Metadata-Version: 2.1
Name: pasqui
Version: 0.1.0
Summary: This python library is useful to perform serveral functions needed to structure unstructured text,
Home-page: https://github.com/NcabreraM/pasqui
Author: Natalia Cabrera-Morales
Author-email: natalia.cabrera.m@mail.pucv.cl
License: MIT
Description-Content-Type: text/markdown
License-File: LICENSE
Requires-Dist: pdfplumber
Requires-Dist: python-docx
Requires-Dist: openai
Requires-Dist: tiktoken
Requires-Dist: pandas
Requires-Dist: scipy
Requires-Dist: langchain
Requires-Dist: kor
Requires-Dist: requests
Requires-Dist: markdownify
Requires-Dist: scikit-learn
Requires-Dist: langchain-community
Requires-Dist: langchain-openai


# Pasqui

Pasqui is a Python library created in Google Colab.
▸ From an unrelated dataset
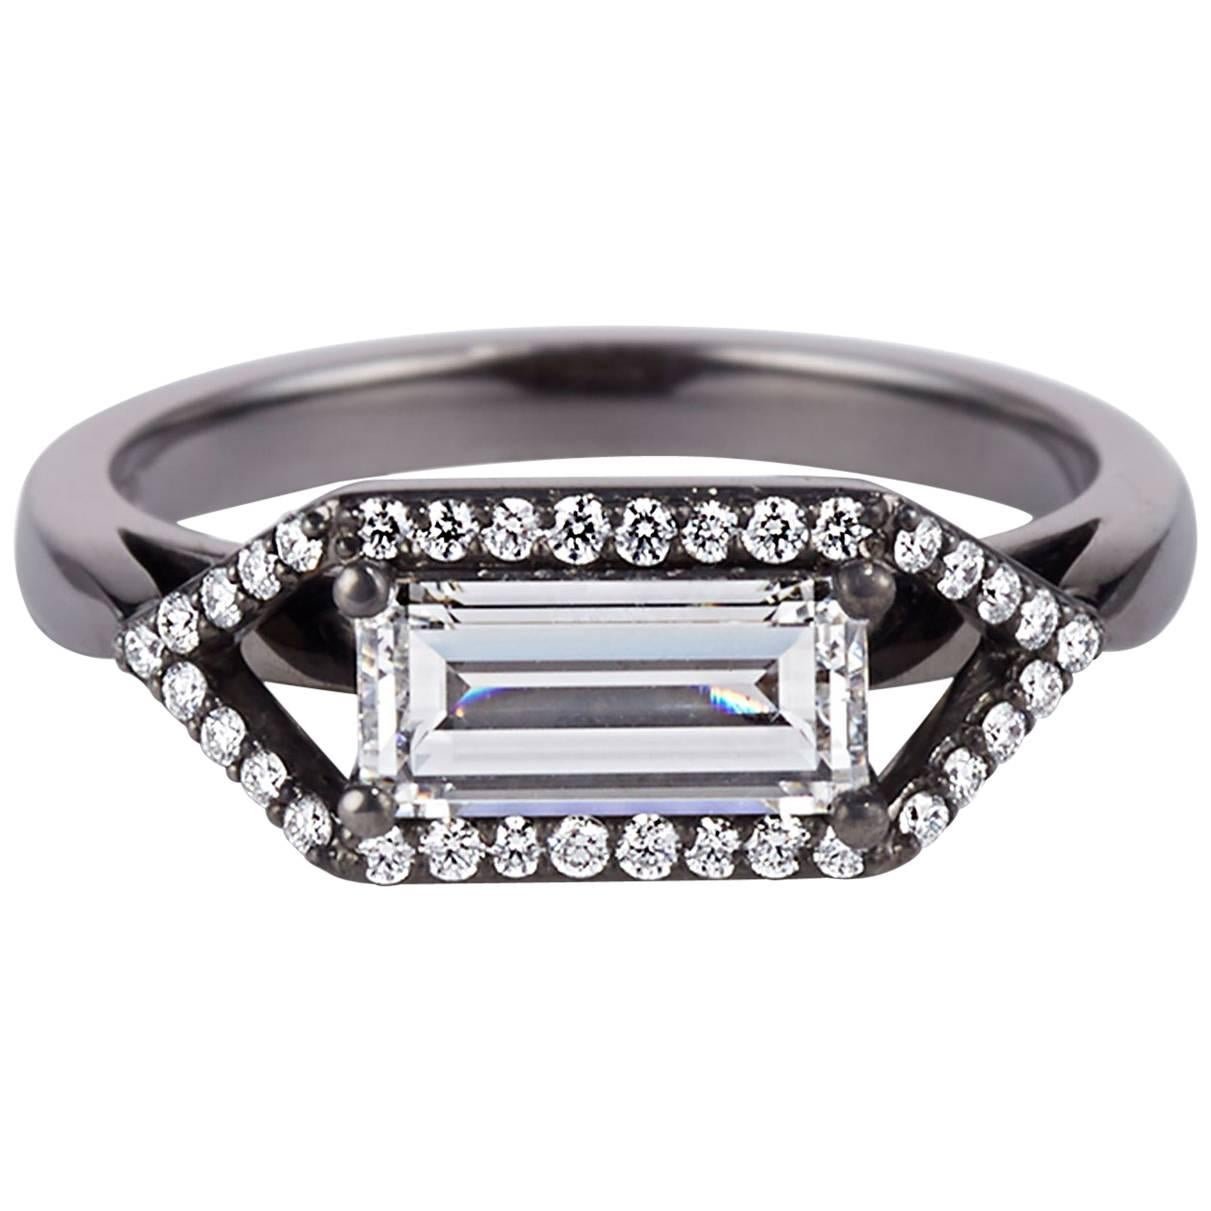 Cushla Whiting 'Zola' Emerald Cut 1.01 Carat Diamond Engagement Ring Set in Gold For Sale

It is useful to perform serveral functions needed to structure unstructured text. It was created based on my dissertation work at University of Cambridge with the support of chatGPT and Gemini for coding.
Pasqui is designed to handly large amounts of long files, and gracefully deal with errors avoiding repeated processing. It works with both pdfs and docs. 

###It has 4 functions. 
* pasqui_conveting -> converts pdfs and docs into texts and moves them to a new folder.
* pasqui_embedding -> creates embeddings using cosine similarity.
* pasqui_summarising -> creates summaries based on customisable topics.
* pasqui_structuring -> creates structured data from unstructured text.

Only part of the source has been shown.